### Your assignment
Scan the records below for the line containing "Chicken liver tartine at Tin Tin" and the line containing "UESEU Personalized Koenigsegg". Copy both, plus every line between, exactly.

### Data section

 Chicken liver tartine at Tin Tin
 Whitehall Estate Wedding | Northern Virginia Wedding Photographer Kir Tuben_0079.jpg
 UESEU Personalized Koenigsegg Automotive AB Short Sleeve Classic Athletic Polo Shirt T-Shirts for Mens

* * *

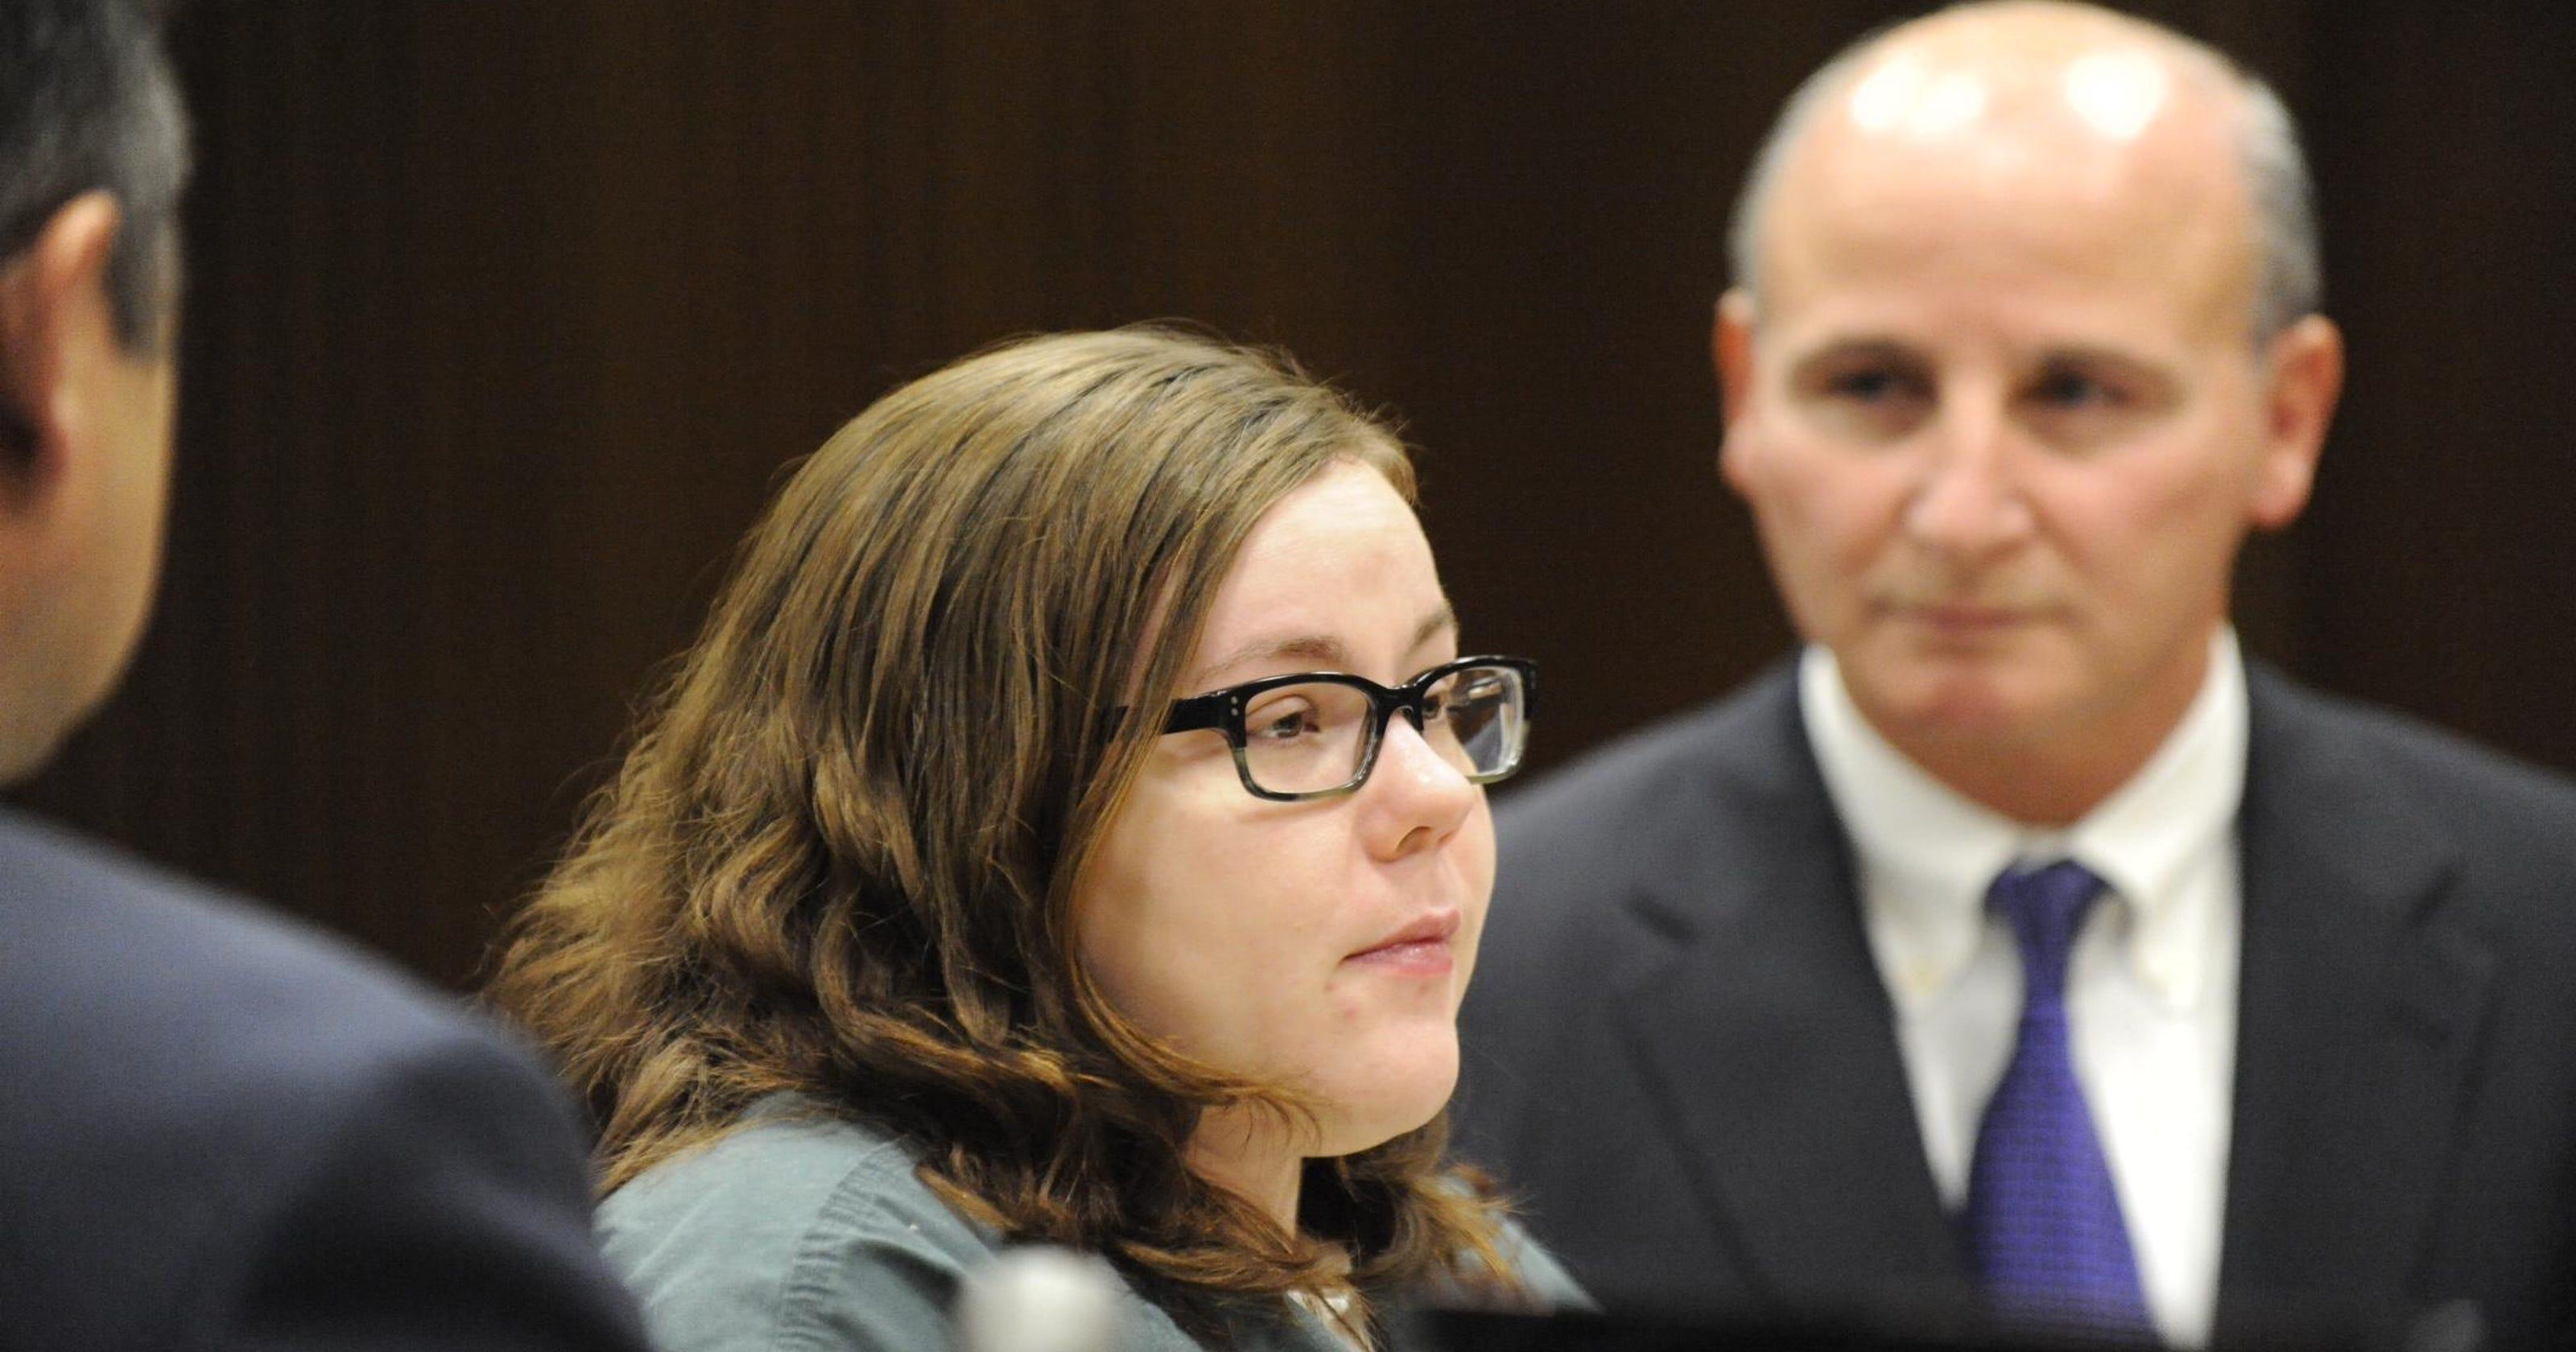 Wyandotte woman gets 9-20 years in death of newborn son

==

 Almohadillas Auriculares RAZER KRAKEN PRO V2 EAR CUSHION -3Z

### Expected answer
 Chicken liver tartine at Tin Tin
 Whitehall Estate Wedding | Northern Virginia Wedding Photographer Kir Tuben_0079.jpg
 UESEU Personalized Koenigsegg Automotive AB Short Sleeve Classic Athletic Polo Shirt T-Shirts for Mens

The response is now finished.